-
Notifications
You must be signed in to change notification settings - Fork 166
Description
.. at least for tmpfs, I have not checked what happens with zfs.
per-builder fs structure is perfectly fine and encouraged, it's just the way it is currently done which is the problem.
The commonly executing binaries are literally megabytes in size. With compiles running in parallel this keeps busting CPU caches. This would not be happening if the underlying vnodes were the same.
Important remark about NUMA-awareness goes here. This is a factor on the official builders as well.

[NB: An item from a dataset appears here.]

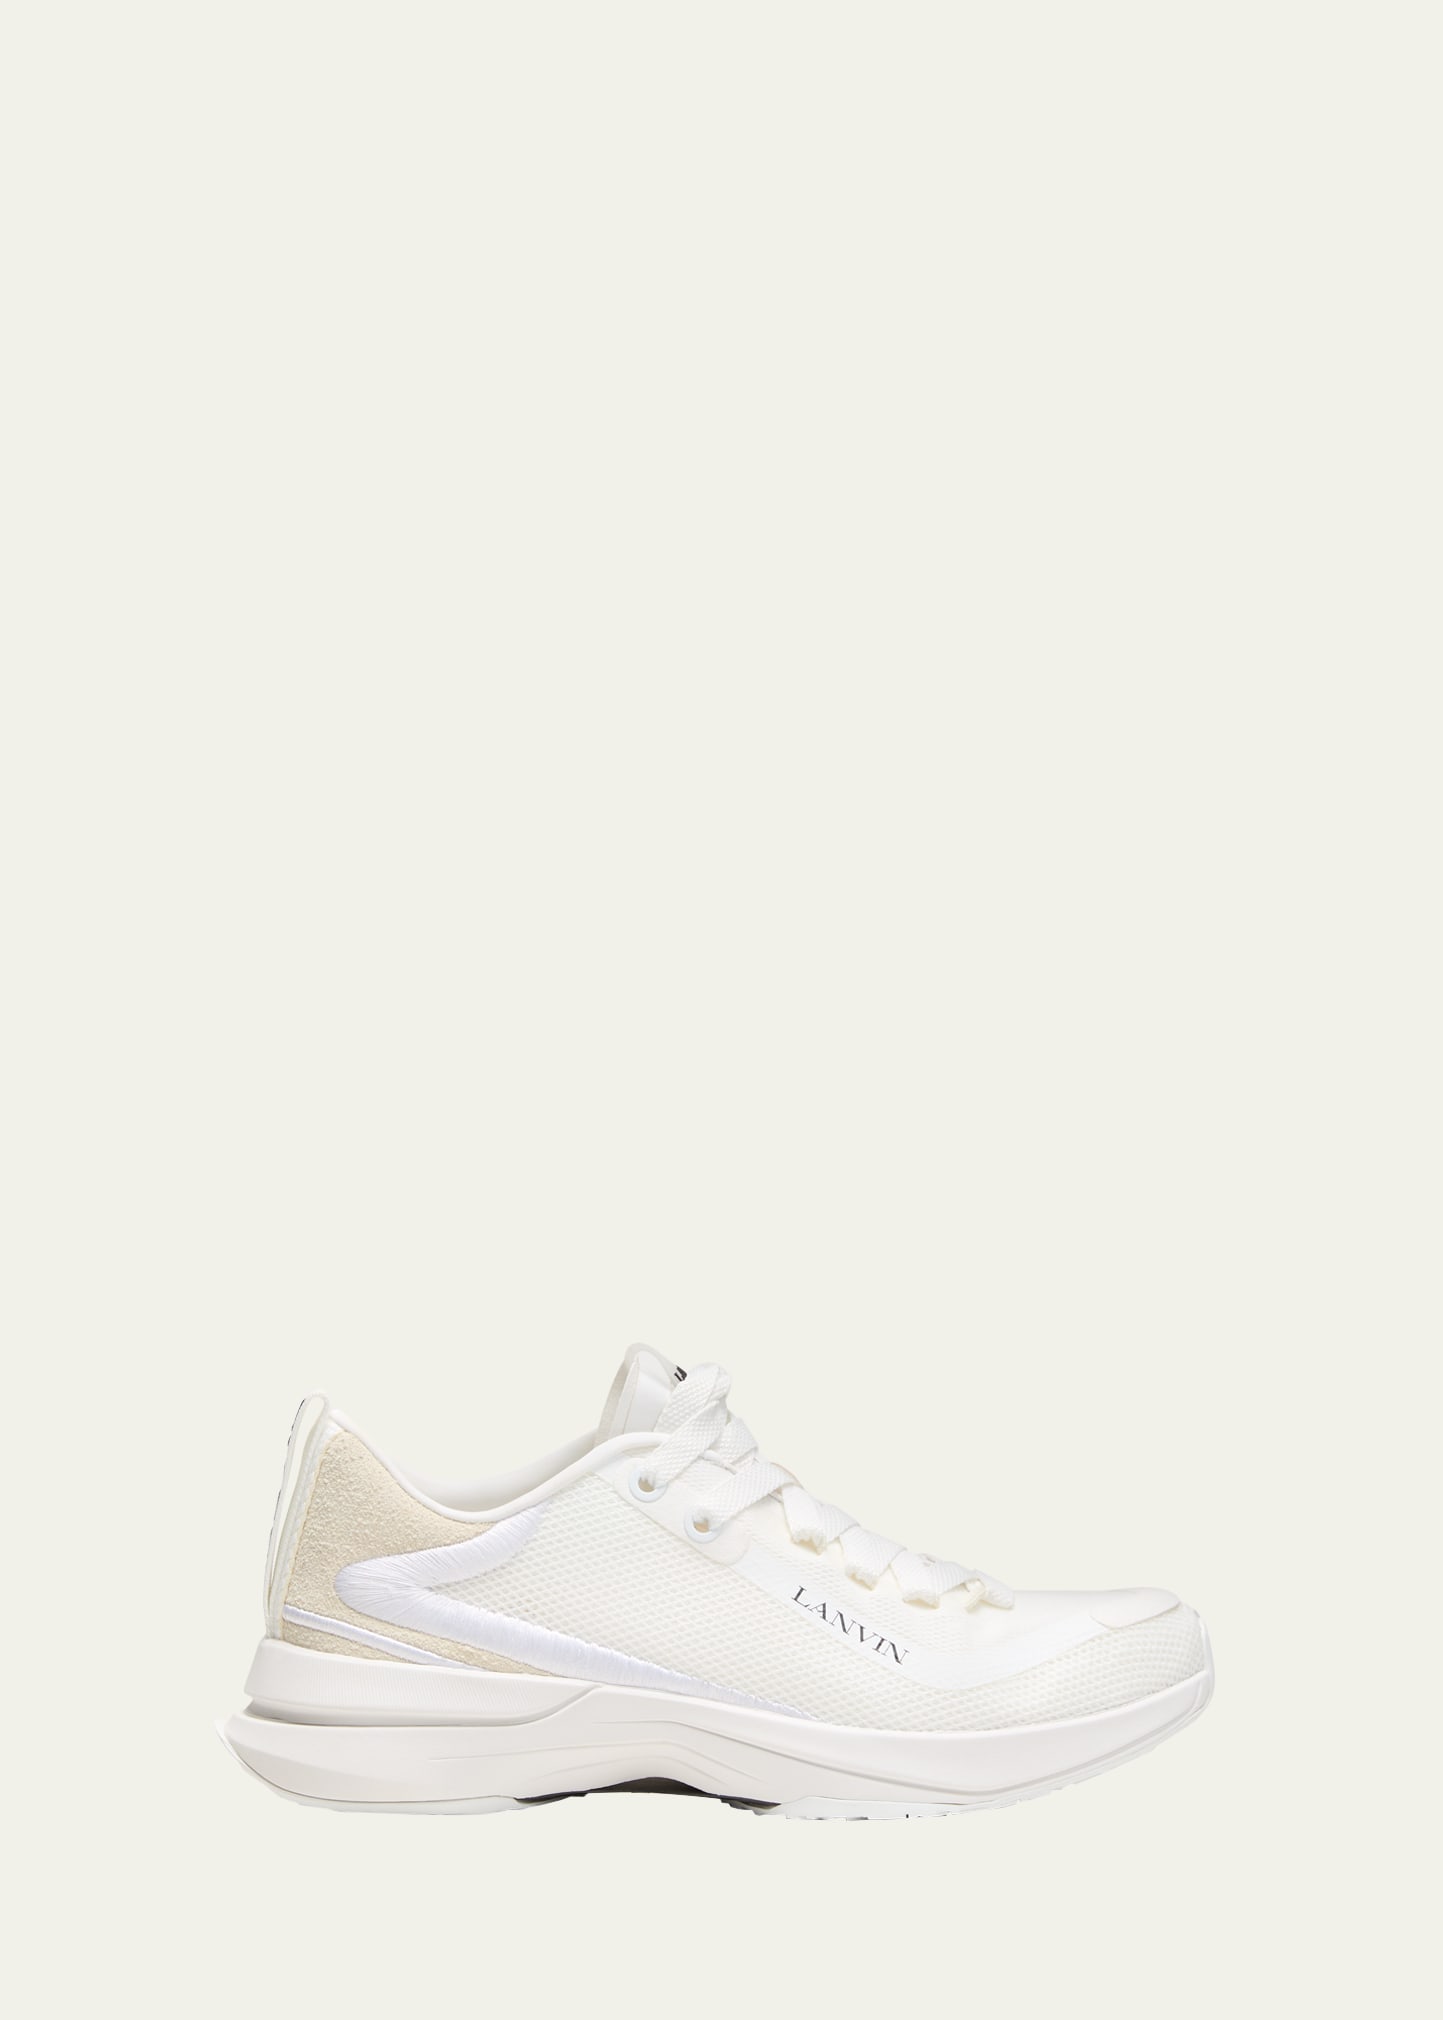 Lanvin Men's Mesh And Suede Runner Sneakers In White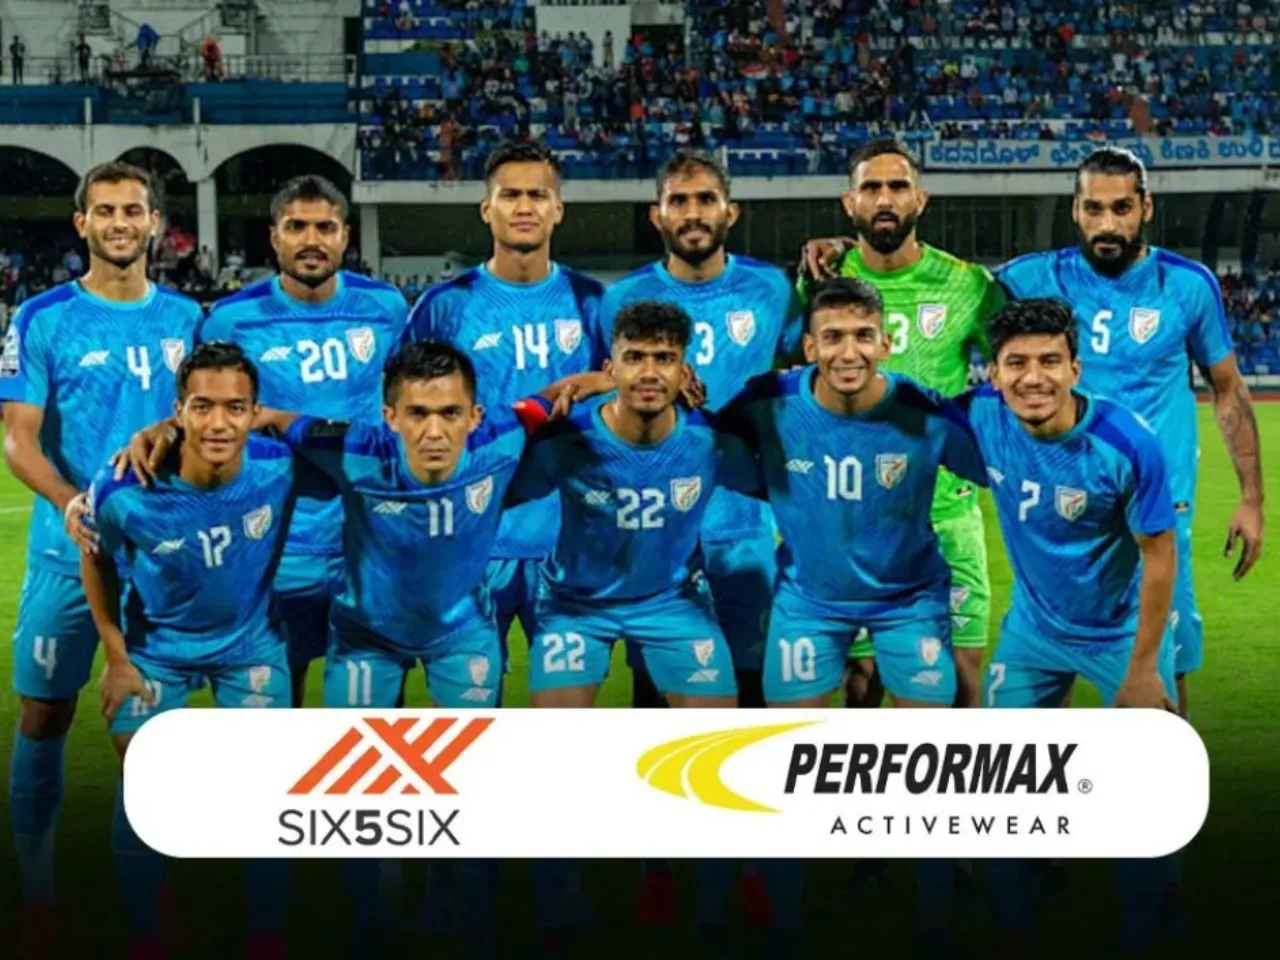 Performax partners with AIFF

The core idea how to handle this is shared tmpfs mount with different jails on it, with files hardlinked.
An unsuspecting user might think nullfs would do a great job here, but that's not true due to its overhead.
Suppose the system has 2 numa nodes (numbered 0 and 1) and builders are hanging out in /poudriere/builders
.
In that case:
cpuset -l <cpus-from-domain-0> mount -t tmpfs tmpfs /poudriere/builders/node0
cpuset -l <cpus-from-domain-0> mkdir /poudriere/builders/node0/basefs
here unpack the base system into the basefs
dir. Still ignore /usr/share
, /usr/tests
and whatever other applicable. these can be null-mounted from a machine-wide place.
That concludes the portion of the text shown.